## Supplied information
_____
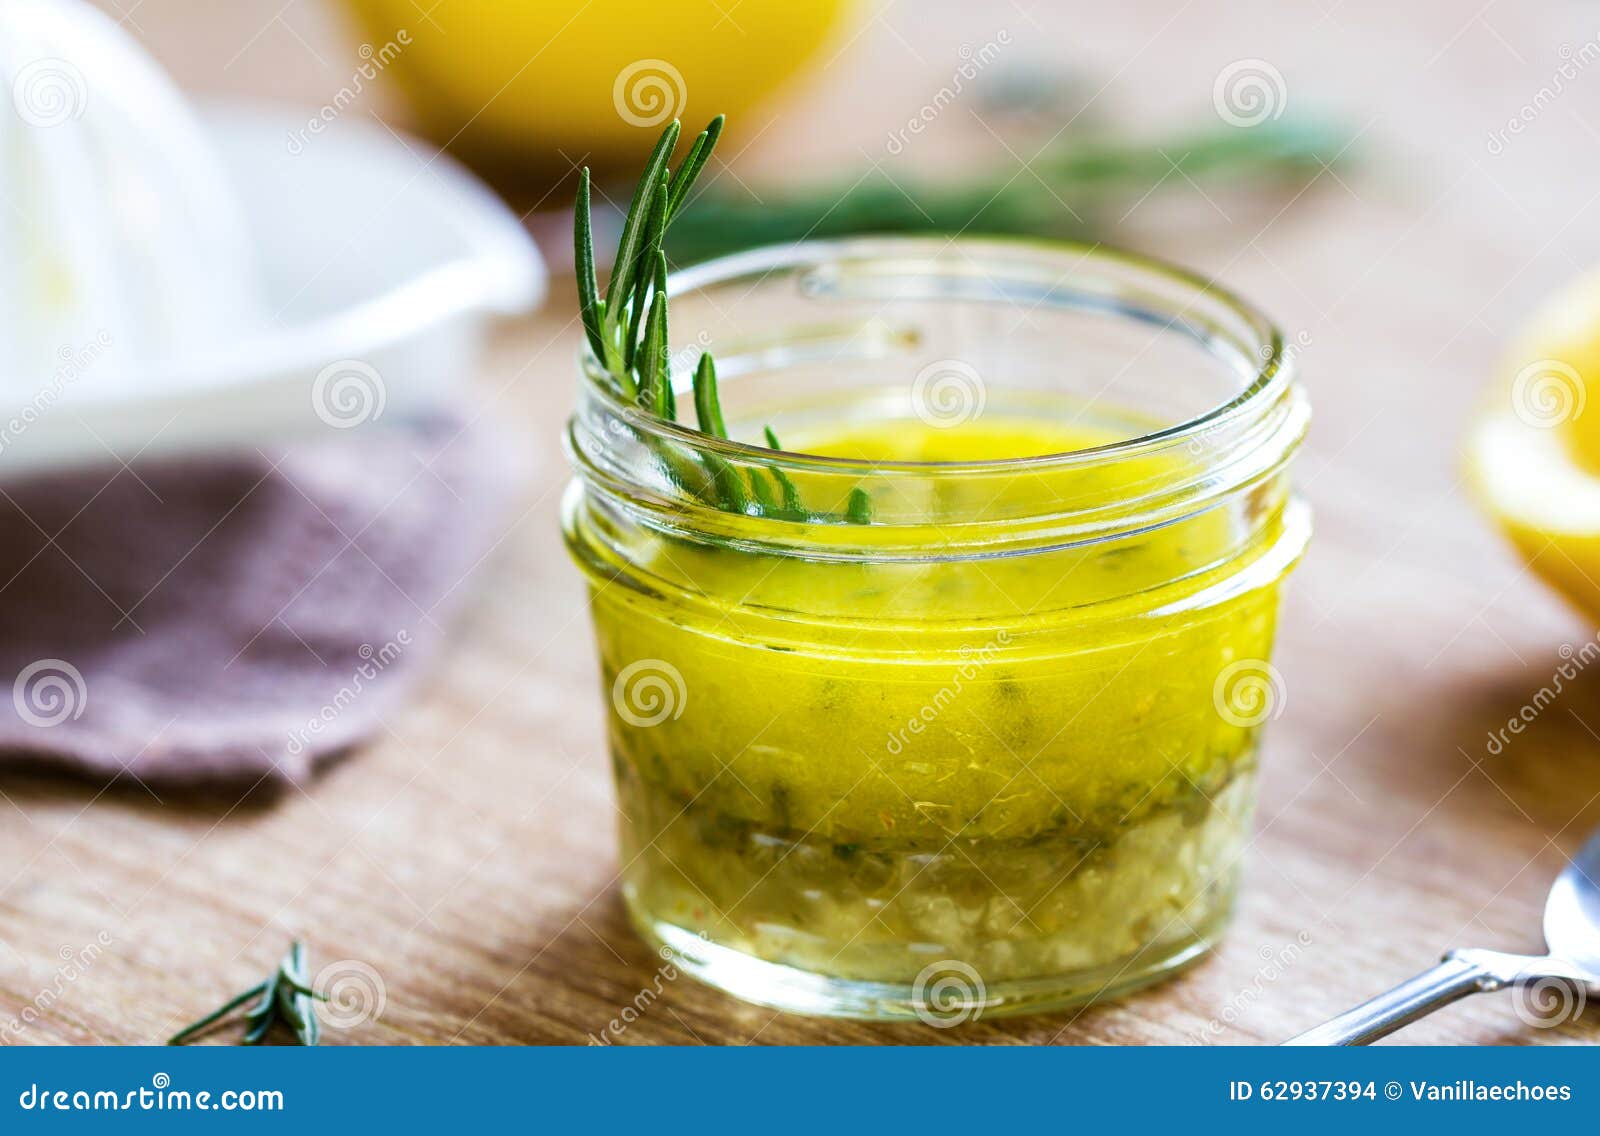 rosemary and garlic lemon salad dressing
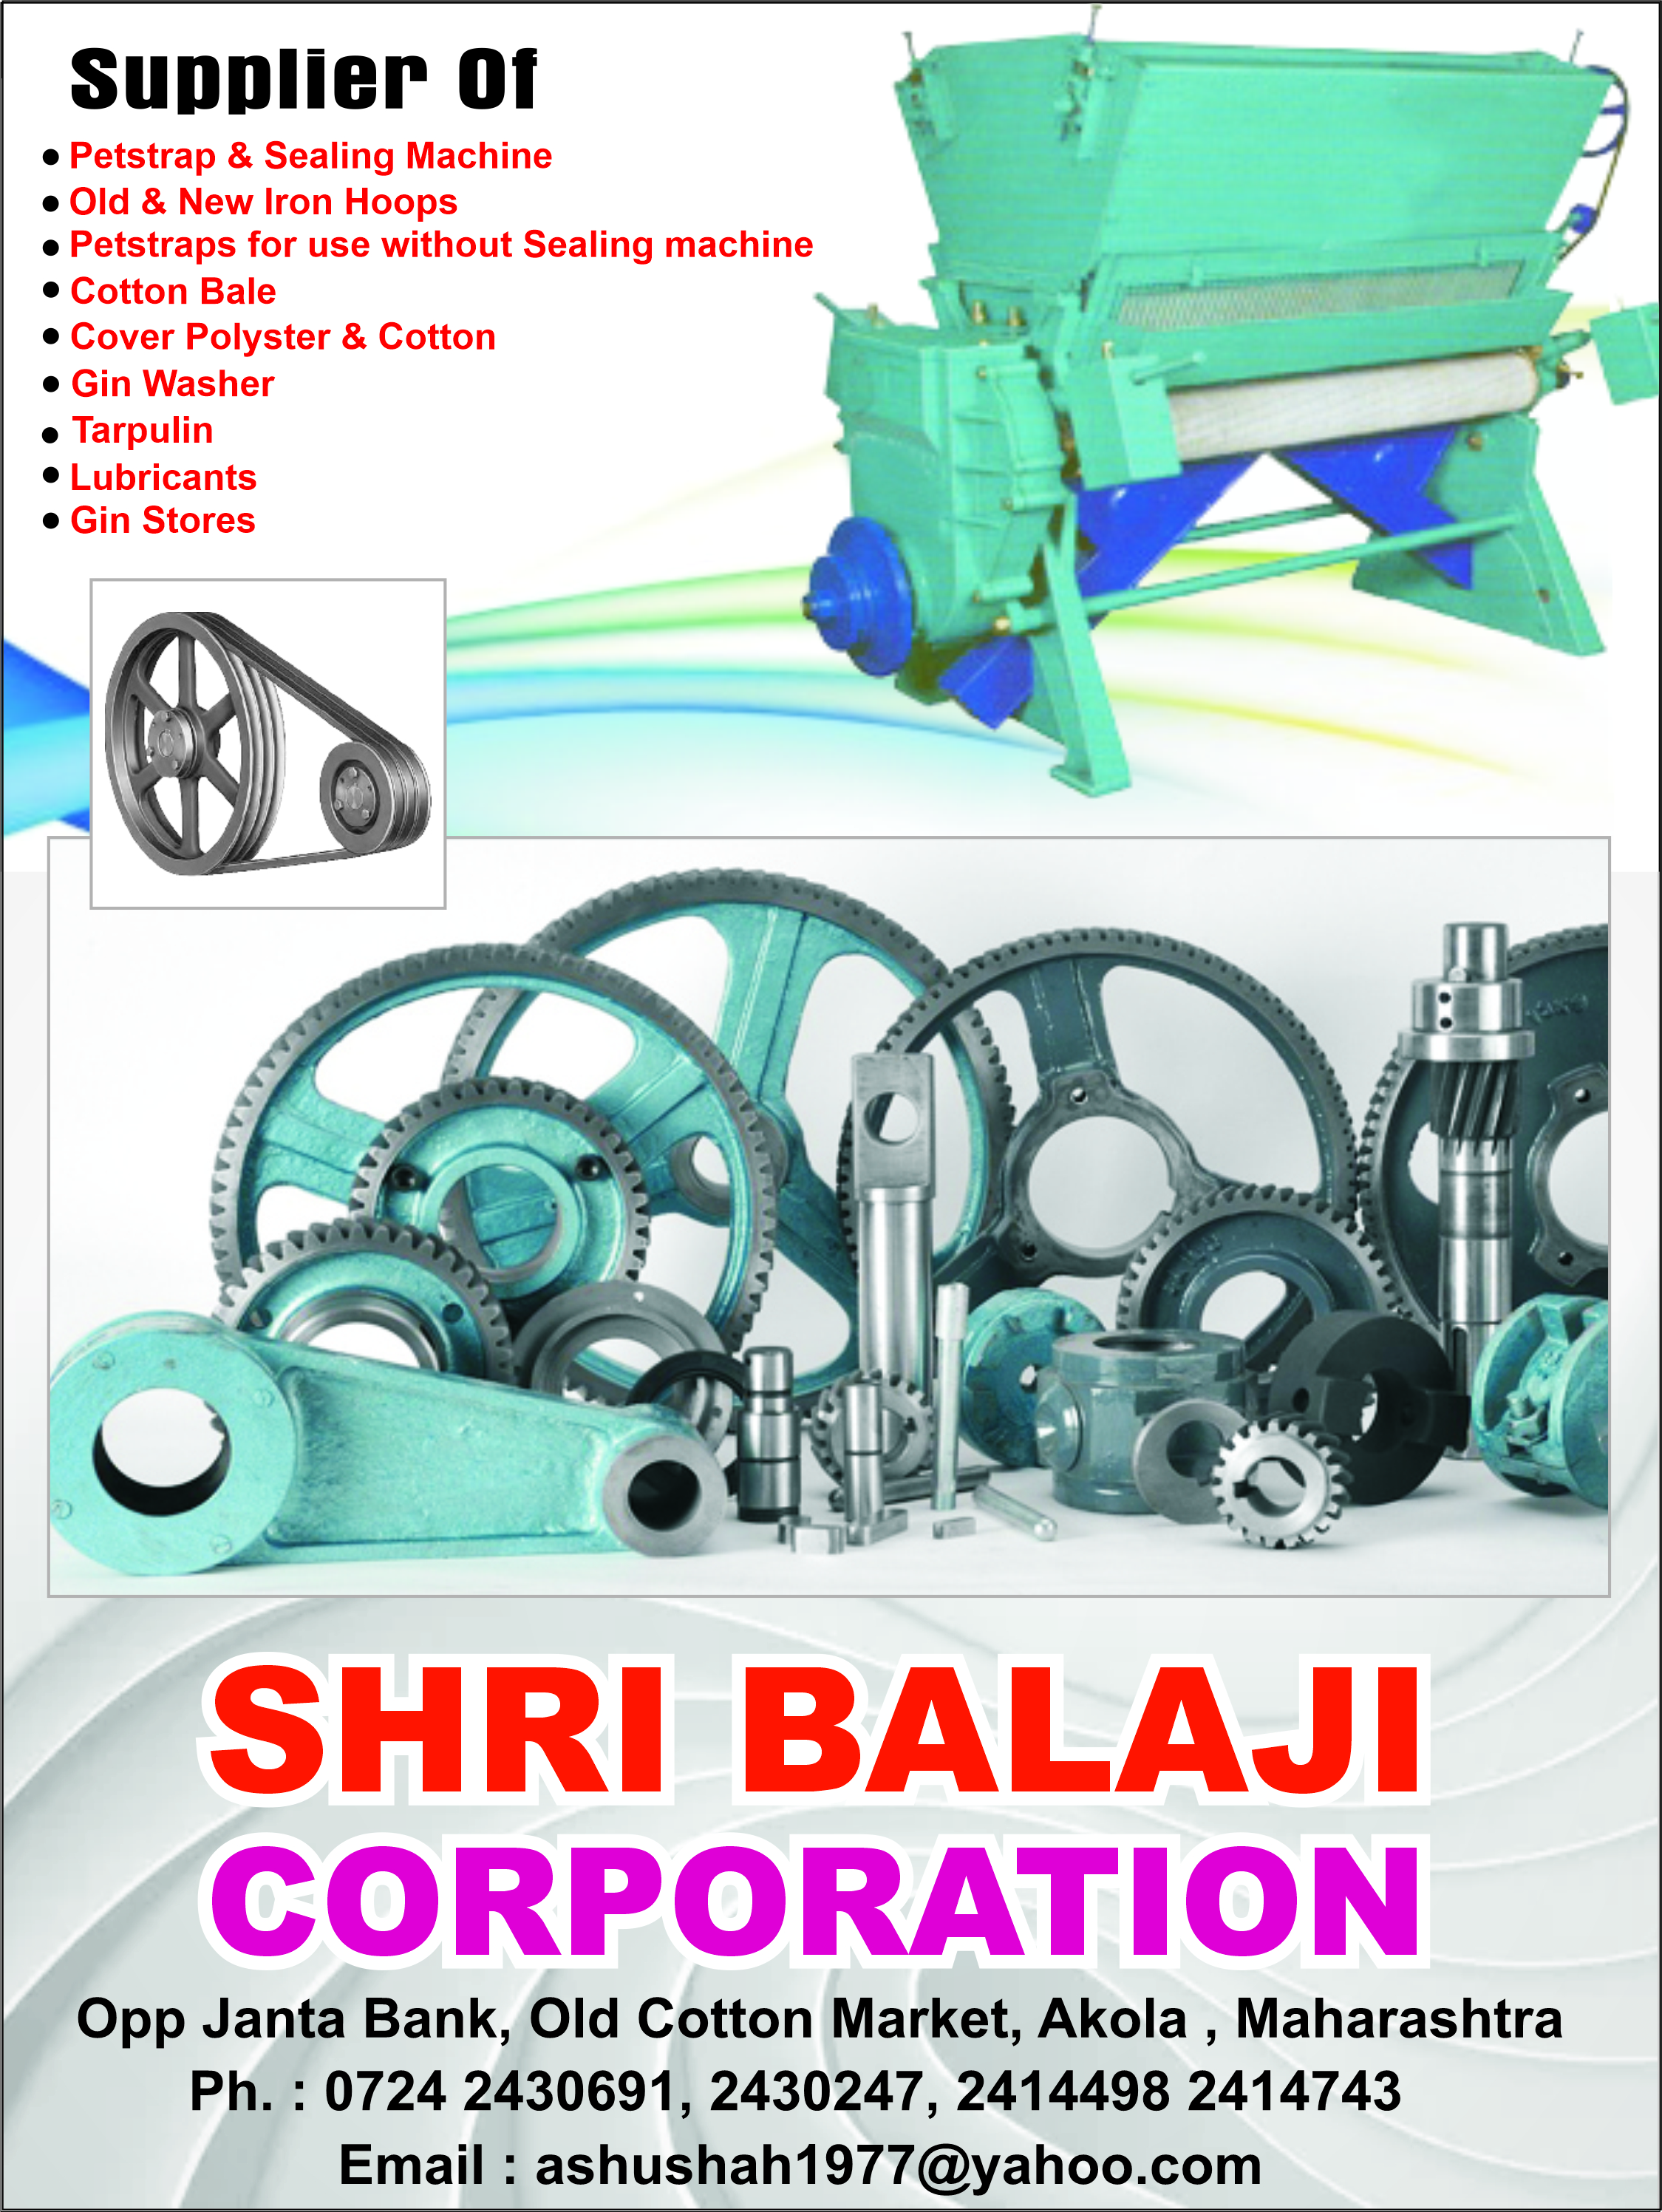 Shri Balaji Corporation
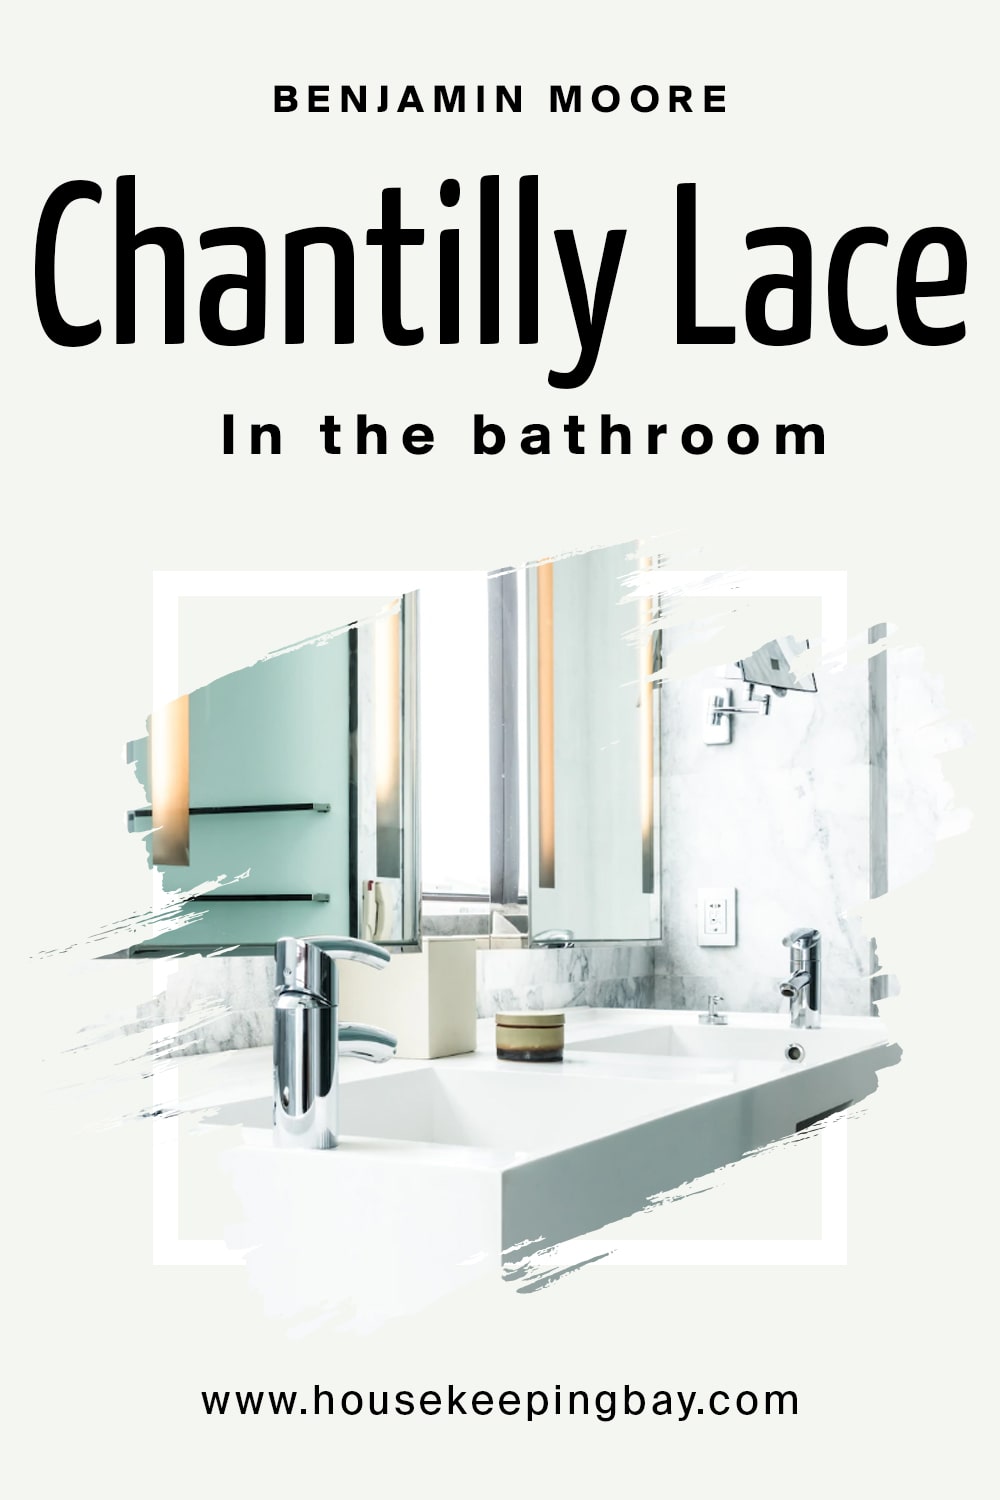 Benjamin Moore. Chantilly Lace In the bathroom
_____
## What the exercise asks
Without any pictures, please write out the lines from the one containing "Shri Balaji Corporation" through the final line of the data, exactly and inclusive of both ends.

## Written answer
 Shri Balaji Corporation
 Benjamin Moore. Chantilly Lace In the bathroom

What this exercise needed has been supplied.